Work instructions: When you reach the records below, output each one exactly.

[Start of Attachment]

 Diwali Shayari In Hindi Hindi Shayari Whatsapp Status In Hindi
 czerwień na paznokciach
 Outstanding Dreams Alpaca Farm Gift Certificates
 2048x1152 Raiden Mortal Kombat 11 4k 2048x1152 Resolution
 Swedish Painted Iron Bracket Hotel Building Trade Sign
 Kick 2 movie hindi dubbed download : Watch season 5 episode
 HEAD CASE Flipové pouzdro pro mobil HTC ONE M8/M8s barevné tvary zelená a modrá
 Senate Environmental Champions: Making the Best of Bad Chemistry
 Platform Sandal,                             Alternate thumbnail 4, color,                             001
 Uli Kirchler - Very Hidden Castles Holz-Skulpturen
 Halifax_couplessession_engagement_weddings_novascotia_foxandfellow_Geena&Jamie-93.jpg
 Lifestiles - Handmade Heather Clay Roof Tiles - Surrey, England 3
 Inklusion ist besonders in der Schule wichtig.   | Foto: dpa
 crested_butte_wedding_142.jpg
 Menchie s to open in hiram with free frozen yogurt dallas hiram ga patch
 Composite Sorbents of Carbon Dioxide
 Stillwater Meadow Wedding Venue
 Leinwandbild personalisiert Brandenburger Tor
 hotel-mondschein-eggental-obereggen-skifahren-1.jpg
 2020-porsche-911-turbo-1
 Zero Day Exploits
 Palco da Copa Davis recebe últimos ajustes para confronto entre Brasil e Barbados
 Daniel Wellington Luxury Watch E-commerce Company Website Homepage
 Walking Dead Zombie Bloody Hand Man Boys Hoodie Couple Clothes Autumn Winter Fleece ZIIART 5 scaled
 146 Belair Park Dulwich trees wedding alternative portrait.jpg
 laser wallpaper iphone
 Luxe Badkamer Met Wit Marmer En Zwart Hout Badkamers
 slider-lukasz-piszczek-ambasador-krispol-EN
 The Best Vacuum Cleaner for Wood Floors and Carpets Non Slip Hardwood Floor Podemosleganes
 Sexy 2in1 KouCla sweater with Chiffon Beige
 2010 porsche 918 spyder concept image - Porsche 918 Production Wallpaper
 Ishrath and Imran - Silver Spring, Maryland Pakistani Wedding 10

[End of Attachment]

Response:
 Diwali Shayari In Hindi Hindi Shayari Whatsapp Status In Hindi
 czerwień na paznokciach
 Outstanding Dreams Alpaca Farm Gift Certificates
 2048x1152 Raiden Mortal Kombat 11 4k 2048x1152 Resolution
 Swedish Painted Iron Bracket Hotel Building Trade Sign
 Kick 2 movie hindi dubbed download : Watch season 5 episode
 HEAD CASE Flipové pouzdro pro mobil HTC ONE M8/M8s barevné tvary zelená a modrá
 Senate Environmental Champions: Making the Best of Bad Chemistry
 Platform Sandal,                             Alternate thumbnail 4, color,                             001
 Uli Kirchler - Very Hidden Castles Holz-Skulpturen
 Halifax_couplessession_engagement_weddings_novascotia_foxandfellow_Geena&Jamie-93.jpg
 Lifestiles - Handmade Heather Clay Roof Tiles - Surrey, England 3
 Inklusion ist besonders in der Schule wichtig.   | Foto: dpa
 crested_butte_wedding_142.jpg
 Menchie s to open in hiram with free frozen yogurt dallas hiram ga patch
 Composite Sorbents of Carbon Dioxide
 Stillwater Meadow Wedding Venue
 Leinwandbild personalisiert Brandenburger Tor
 hotel-mondschein-eggental-obereggen-skifahren-1.jpg
 2020-porsche-911-turbo-1
 Zero Day Exploits
 Palco da Copa Davis recebe últimos ajustes para confronto entre Brasil e Barbados
 Daniel Wellington Luxury Watch E-commerce Company Website Homepage
 Walking Dead Zombie Bloody Hand Man Boys Hoodie Couple Clothes Autumn Winter Fleece ZIIART 5 scaled
 146 Belair Park Dulwich trees wedding alternative portrait.jpg
 laser wallpaper iphone
 Luxe Badkamer Met Wit Marmer En Zwart Hout Badkamers
 slider-lukasz-piszczek-ambasador-krispol-EN
 The Best Vacuum Cleaner for Wood Floors and Carpets Non Slip Hardwood Floor Podemosleganes
 Sexy 2in1 KouCla sweater with Chiffon Beige
 2010 porsche 918 spyder concept image - Porsche 918 Production Wallpaper
 Ishrath and Imran - Silver Spring, Maryland Pakistani Wedding 10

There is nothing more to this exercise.